Phosphate may have been more abundant on ancient Mars than it is on Earth

Shane McGlaun - Sep 3, 2013
Phosphate may have been more abundant on ancient Mars than it is on Earth

One of the key chemical ingredients scientists believe to be required for life is phosphate. Phosphate is plentiful here on Earth, but scientists now believe that phosphate could've been more abundant on ancient Mars that it is on earth today. Phosphate is believed to be a required component for life because it is the backbone of DNA and an essential part of molecules that cells use to generate energy and their required membranes.

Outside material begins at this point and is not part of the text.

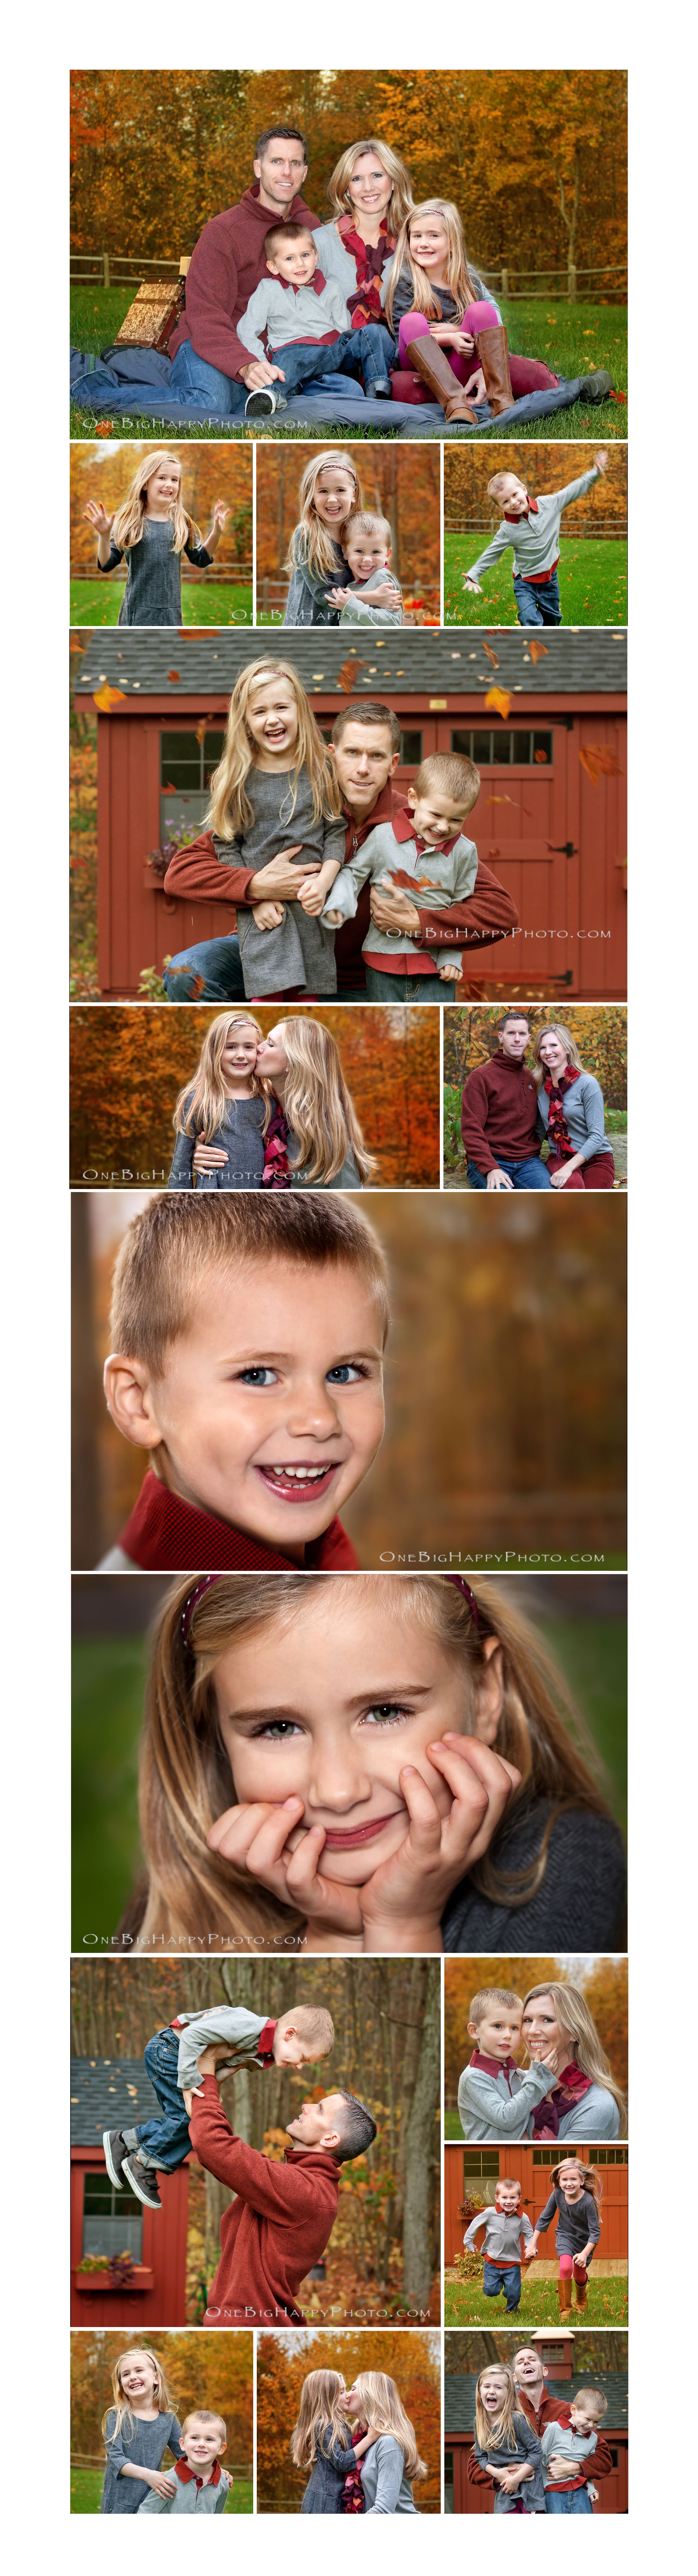 Mom, Dad, young son and young daughter family photos in the fall leaves while it was raining

Scientists say that Mars is very rich in phosphate in the area of 5 to 10 times richer than Earth based on the analysis of meteorites from Mars that have impacted the surface of the Earth. That data was also supported by scans of Mars by NASA Spirit and Opportunity rovers.

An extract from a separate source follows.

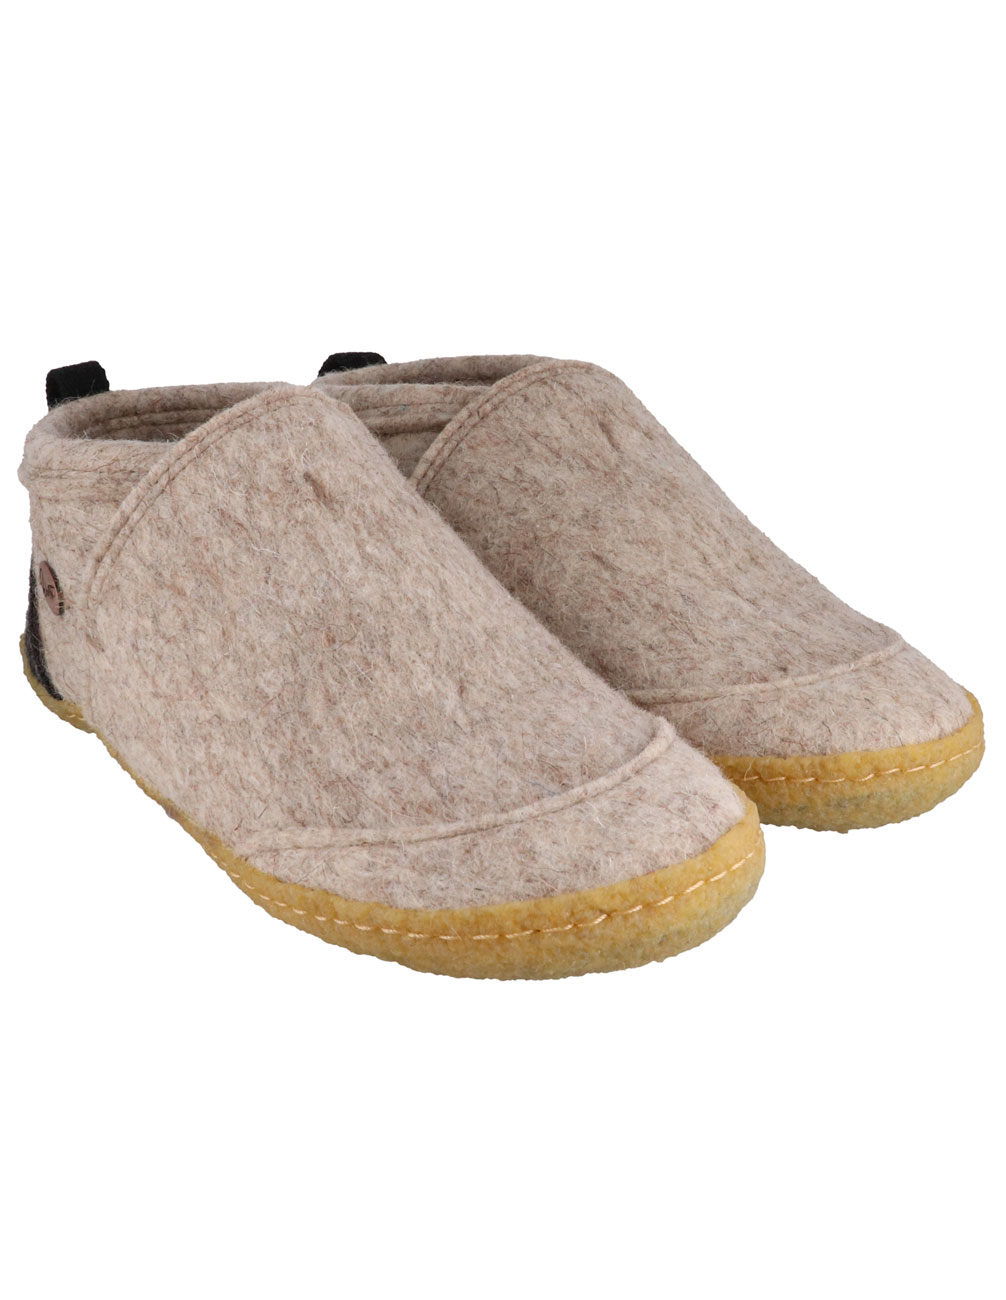 WoolFit® Slippers for the Office 'Taiga' with natural R
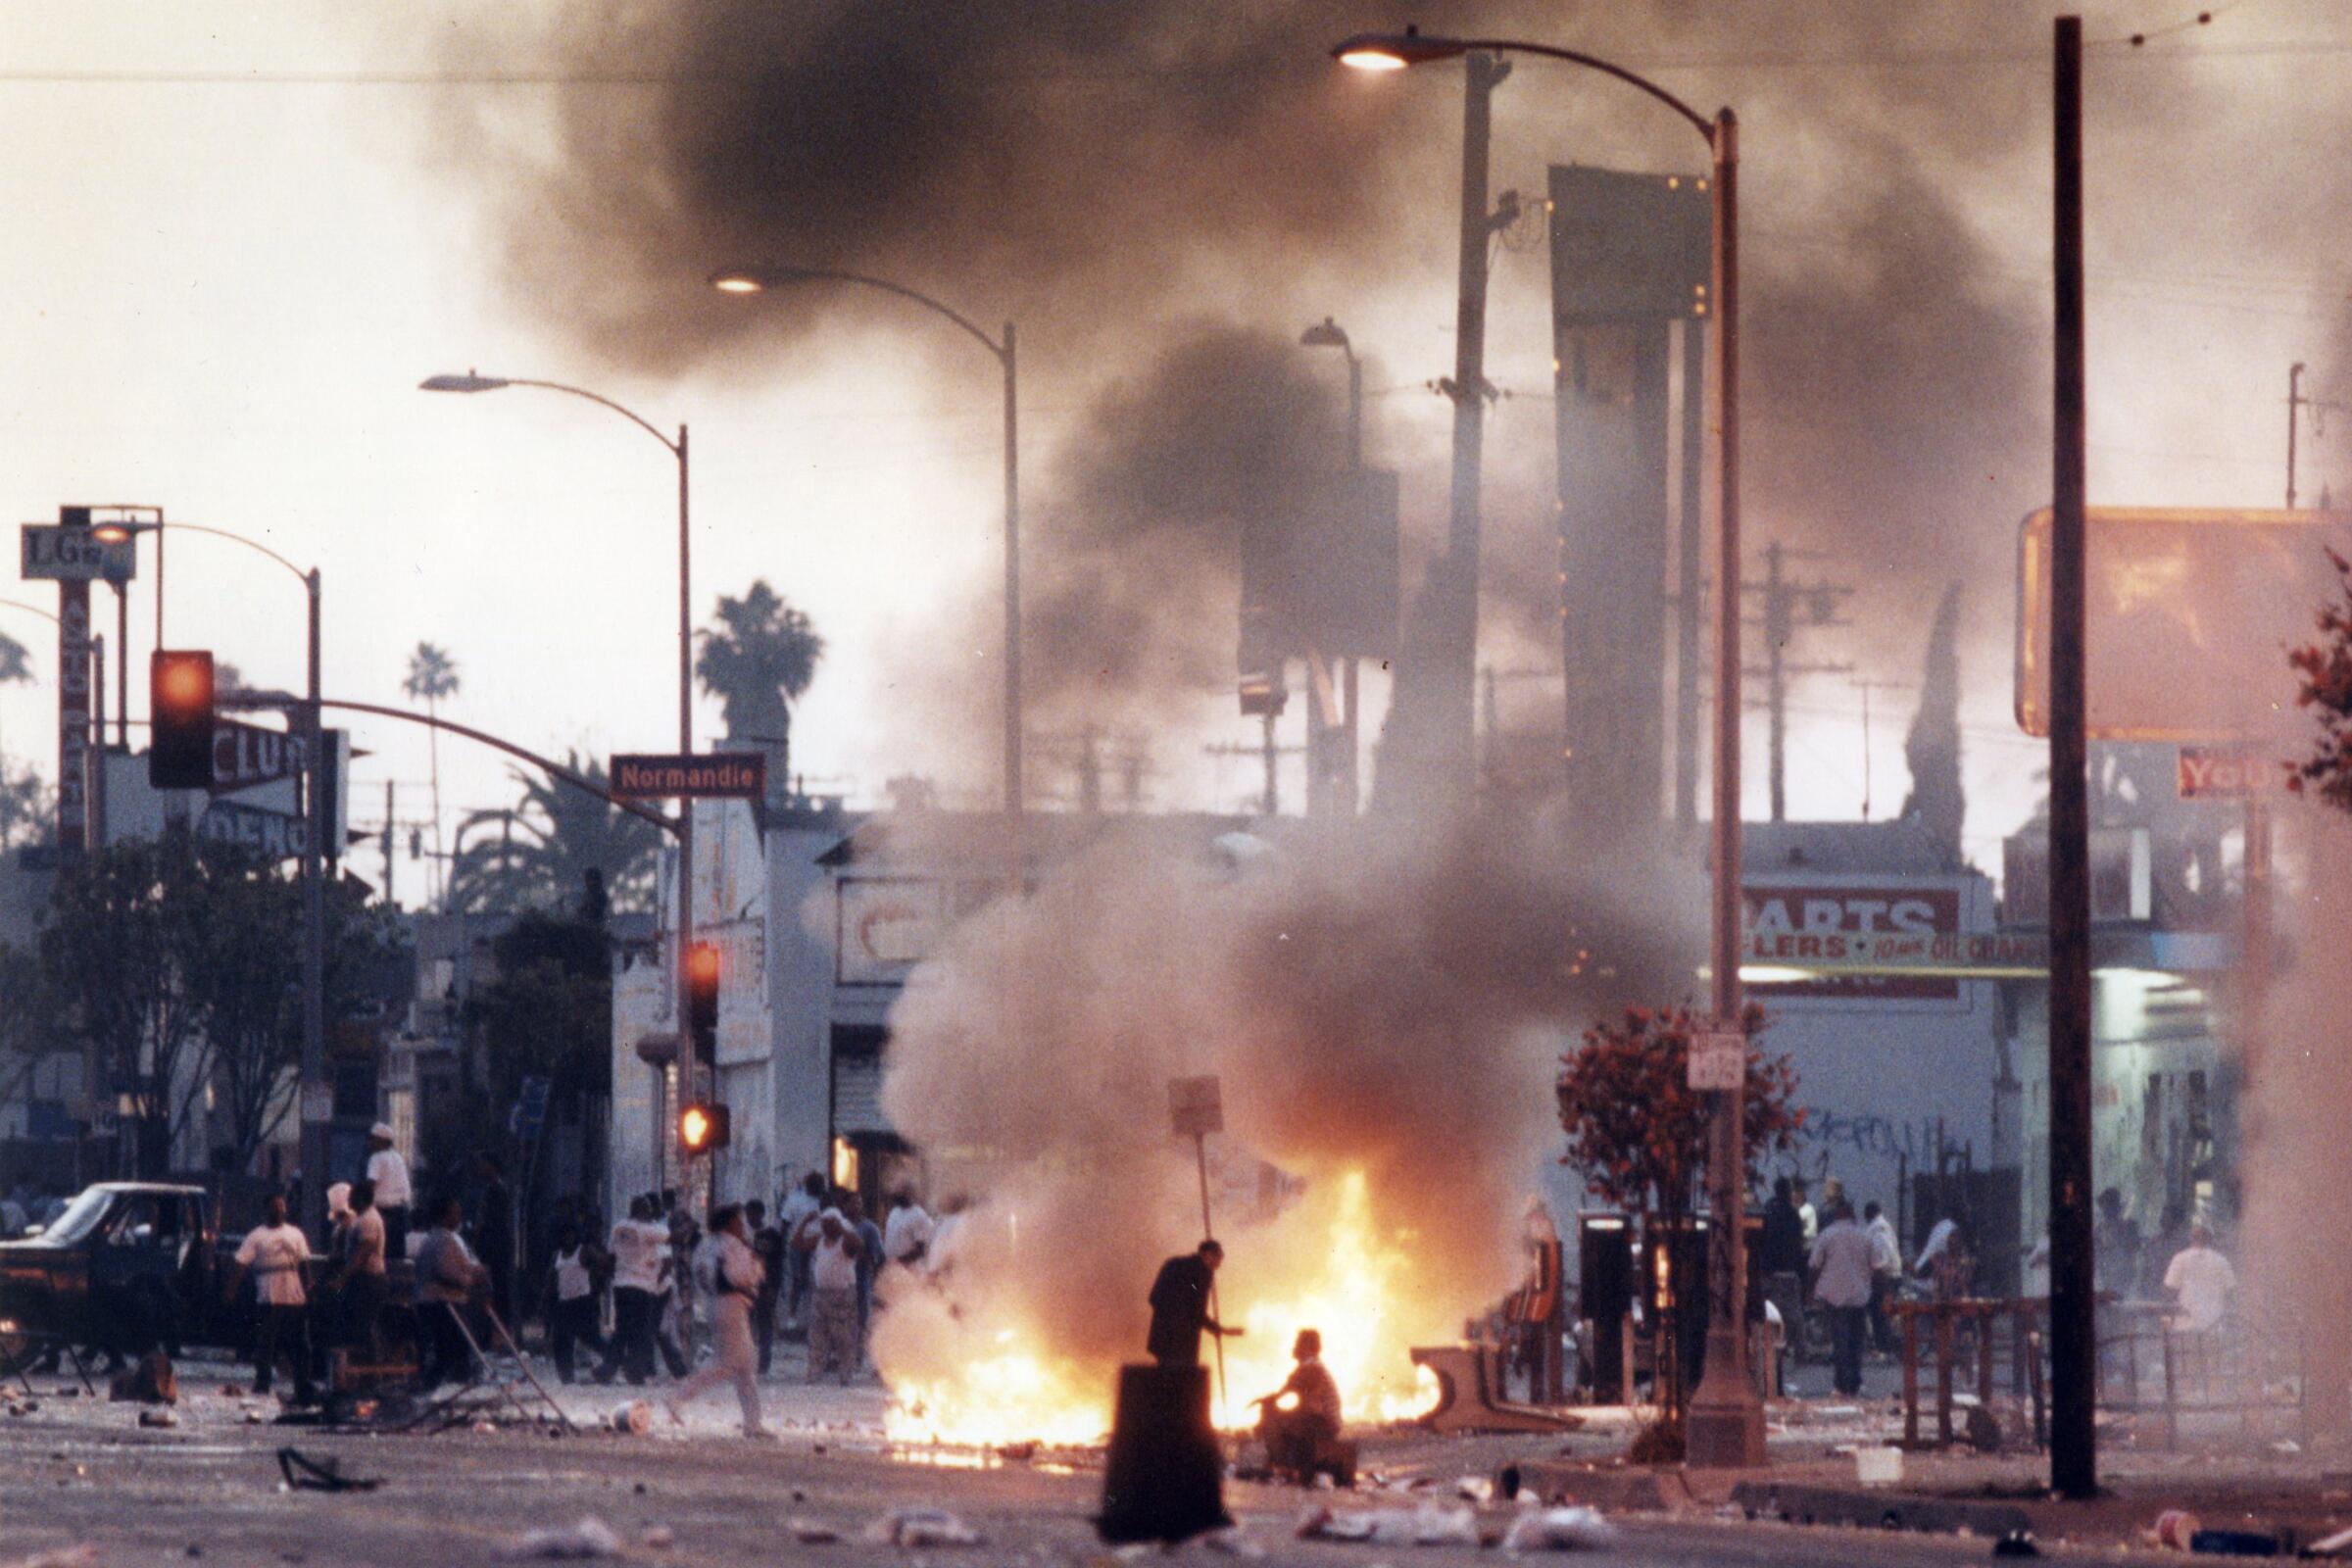 A fire burns on a corner during the first day the L.A. riots on April 29, 1992.

NASA does point out that the presence of phosphate on Mars does not mean it was available for use in chemical reactions that could support life. Scientists say that minerals containing phosphate here on Earth are known to dissolve very slowly in water.

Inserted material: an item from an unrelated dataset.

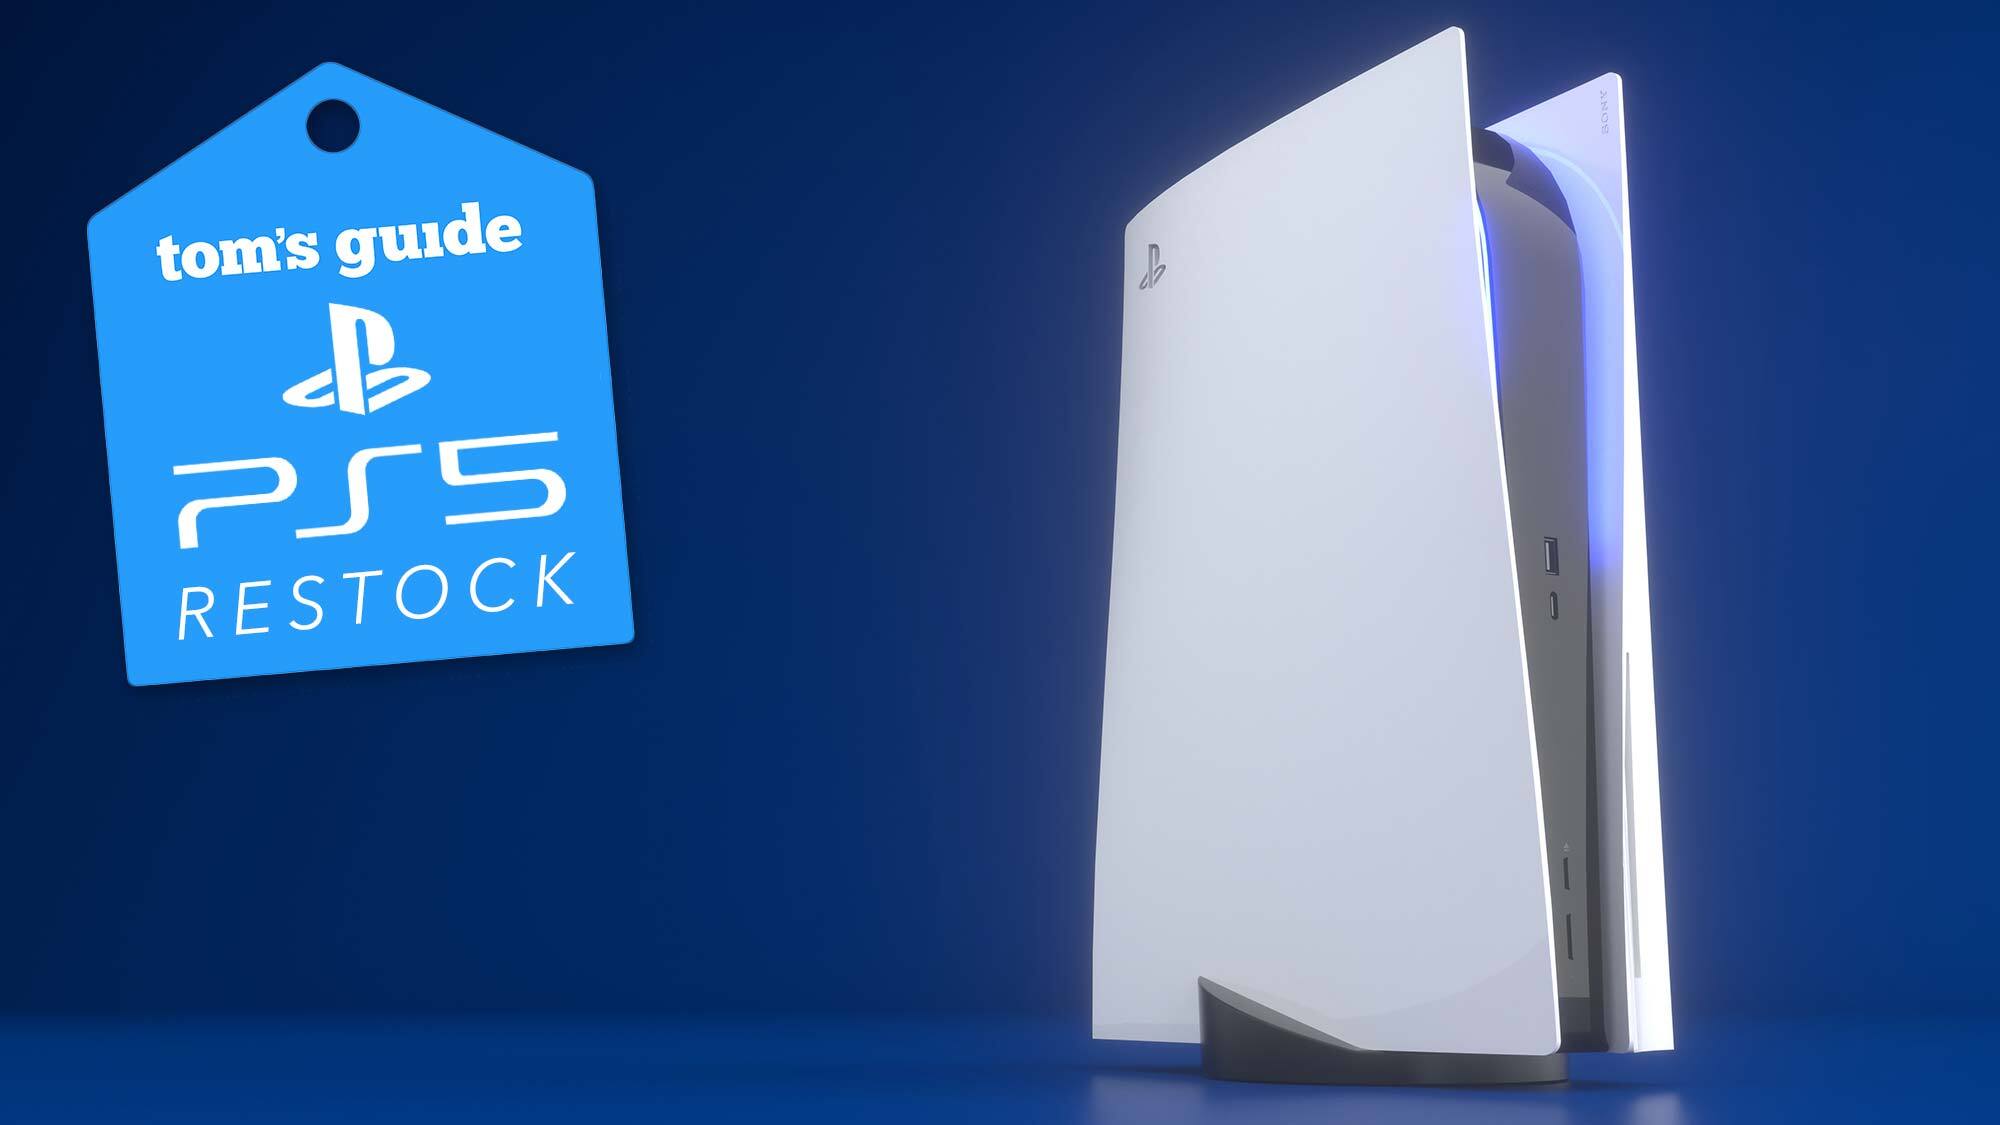 PS5 restock logo on a blue background, next to a PS5 console

The scientists conducted experiments to determine how phosphate-loaded minerals that are thought to be the most common on Mars would dissolve across a range of acidity levels. The scientists learned during the experiments that the dominant phosphate-loaded minerals available on Mars are significantly more soluble and release more phosphate in the water and those common on Earth. Those findings suggest phosphate is released as much as 45 times faster between water and rock on Mars than on Earth.